# GIVEN MATERIAL:
+===+

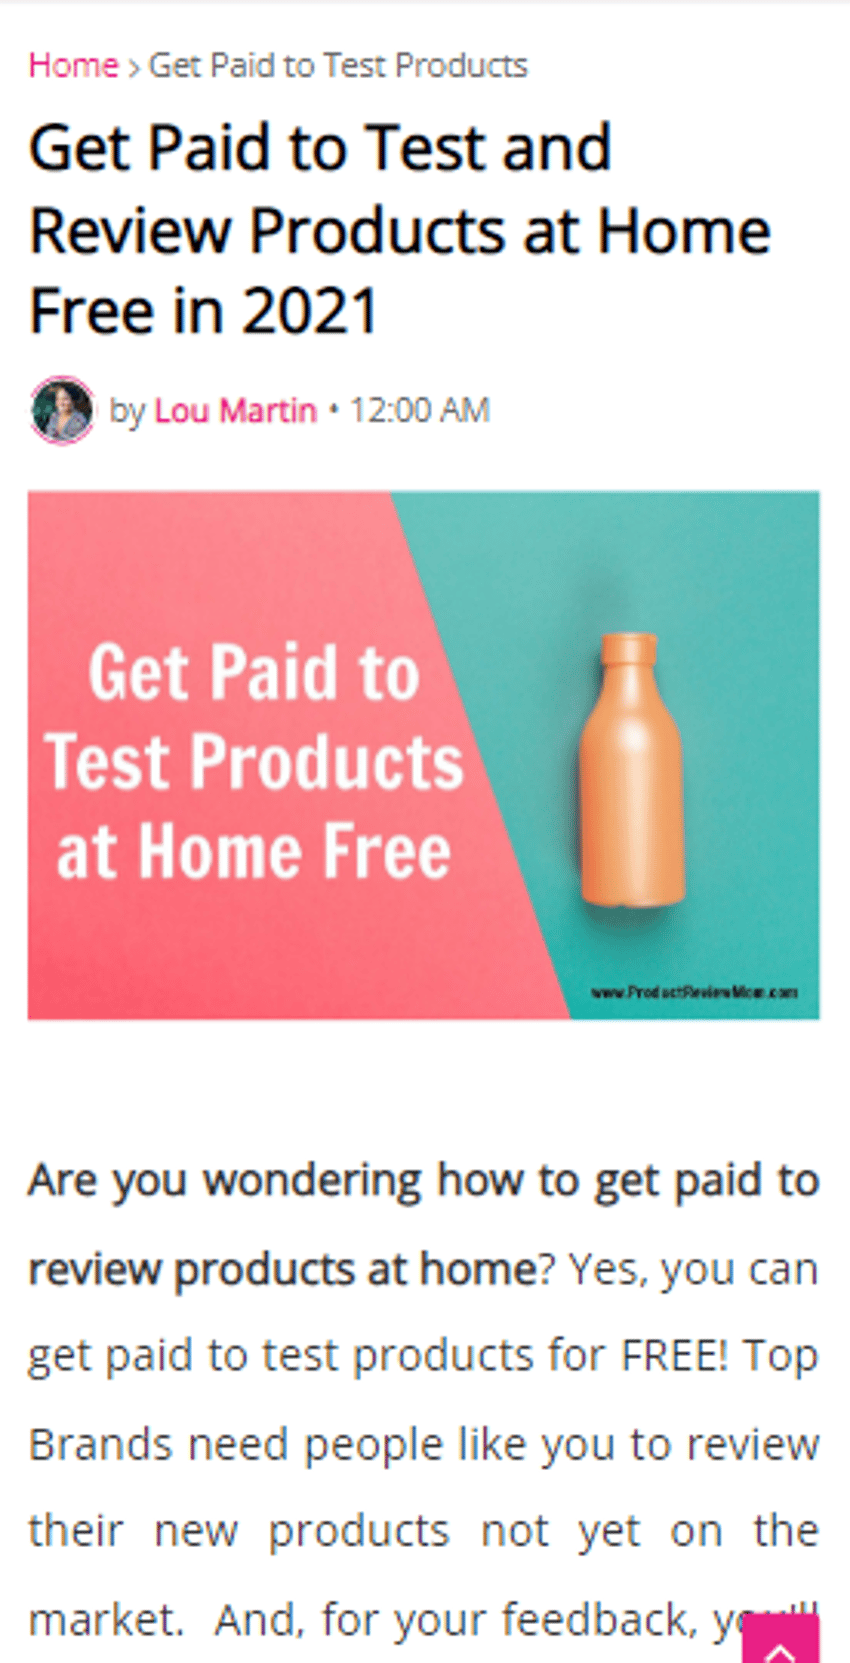 check out the full post [here](https://www.productreviewmom.com/2013/06/how-can-i-get-paid-to-test-products.html
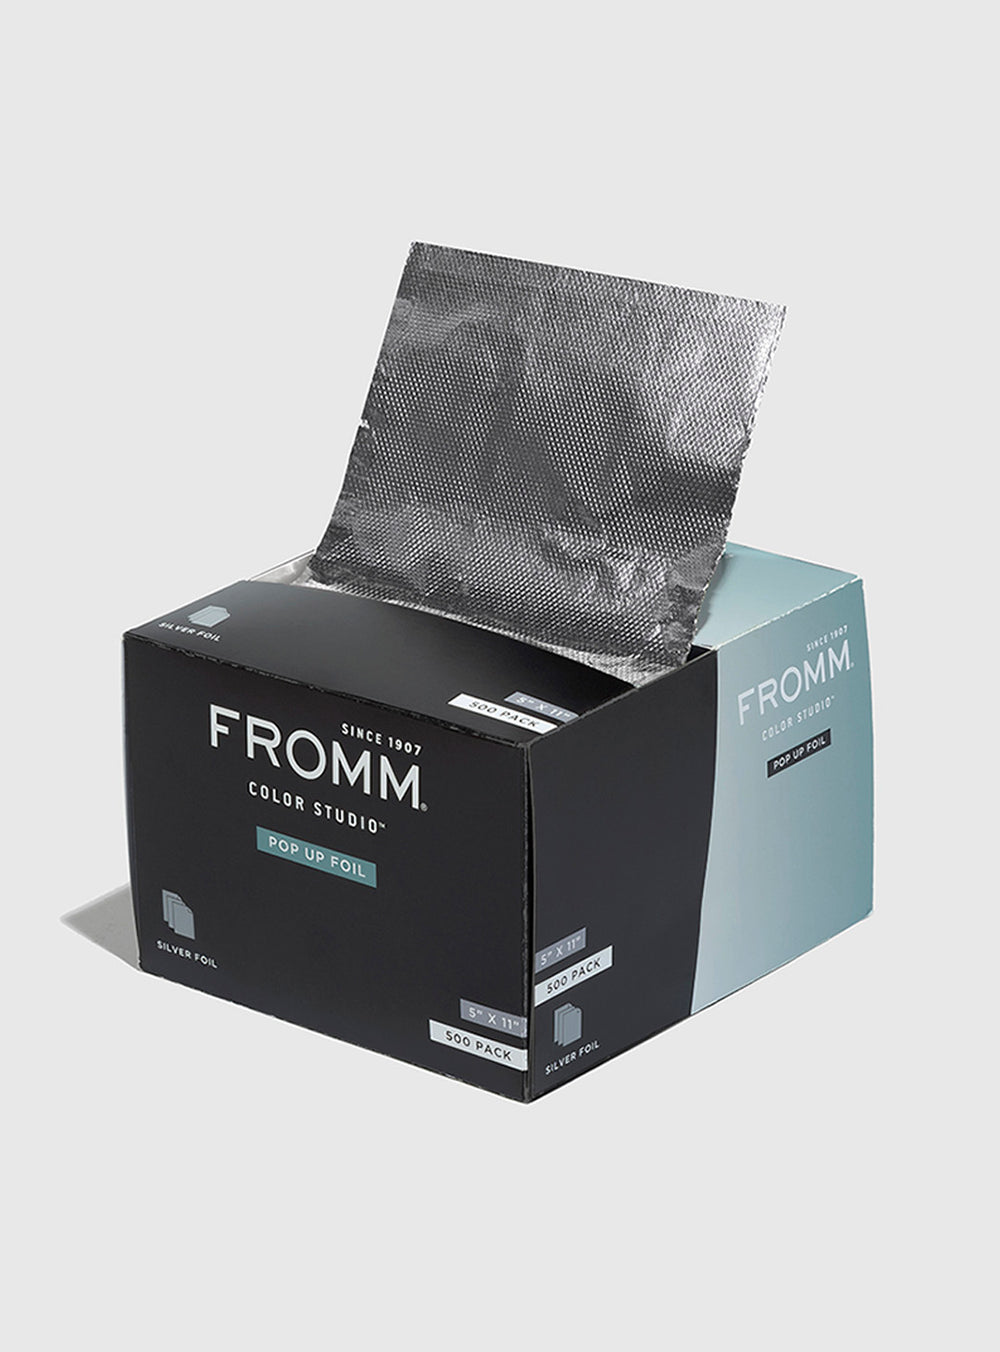 Fromm Pop Up Foil 5 in x 11 inch 500 CountHair Color AccessoriesFROMMColor: Silver
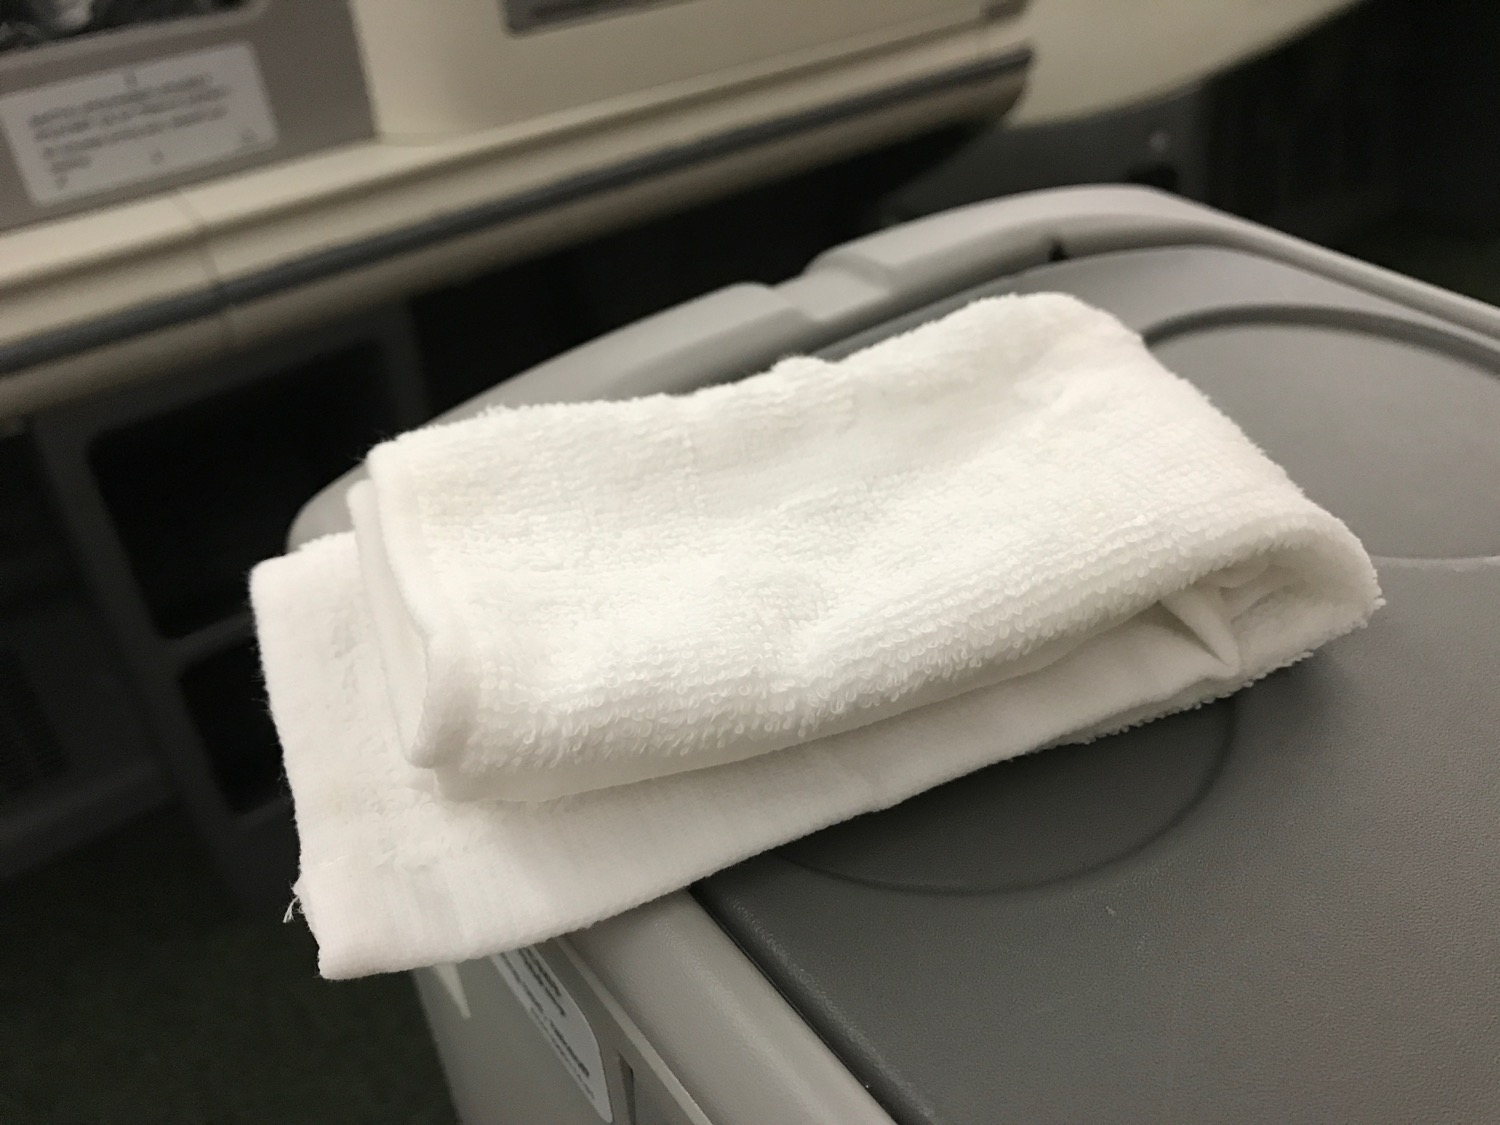 a white towel on a grey surface
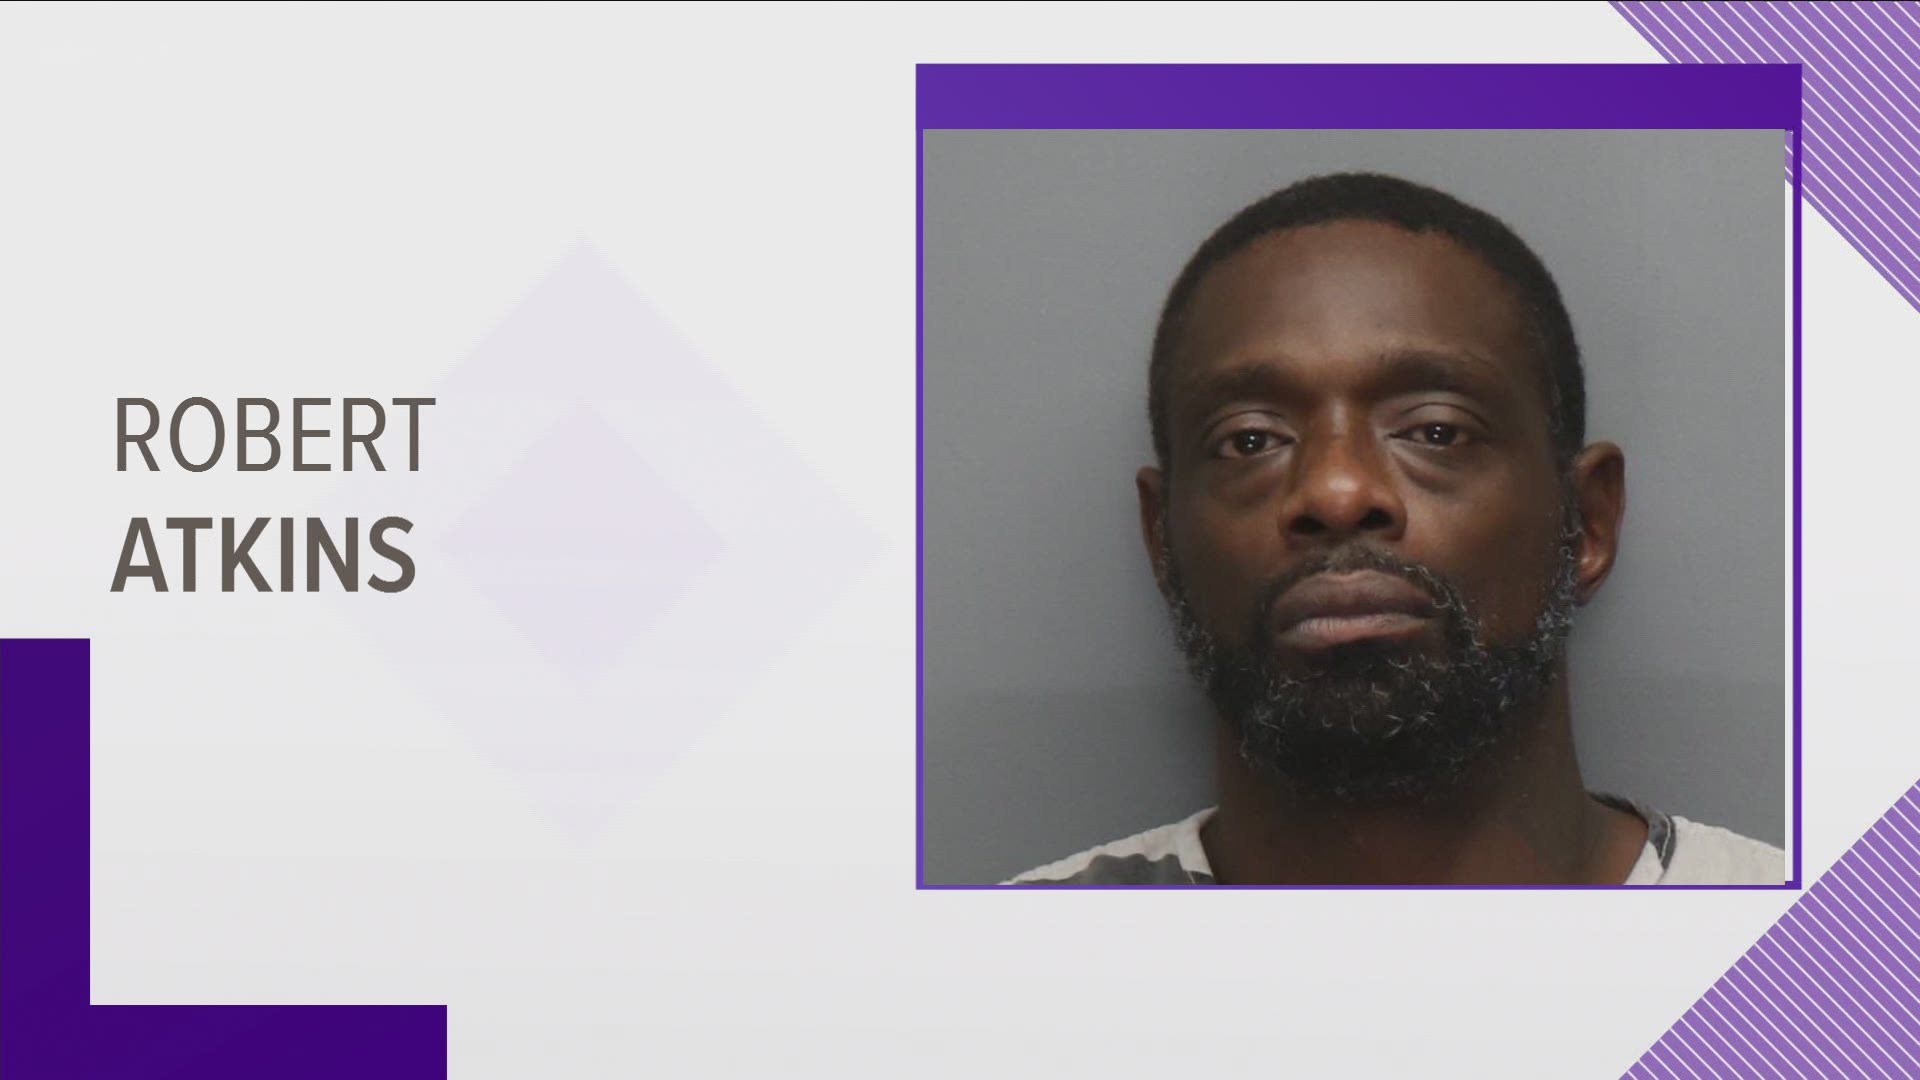 In 2019, investigators say Robert Atkins gave fentanyl to a woman who overdosed. Then in February of this year, police say Atkins shot and killed a 29-year-old.

+===+

# TASK DIRECTIONS:
Without the pictures, output the full listing exactly as it stands.

# SOLVED EXERCISE:
 check out the full post [here](https://www.productreviewmom.com/2013/06/how-can-i-get-paid-to-test-products.html
 Fromm Pop Up Foil 5 in x 11 inch 500 CountHair Color AccessoriesFROMMColor: Silver
 a white towel on a grey surface
 In 2019, investigators say Robert Atkins gave fentanyl to a woman who overdosed. Then in February of this year, police say Atkins shot and killed a 29-year-old.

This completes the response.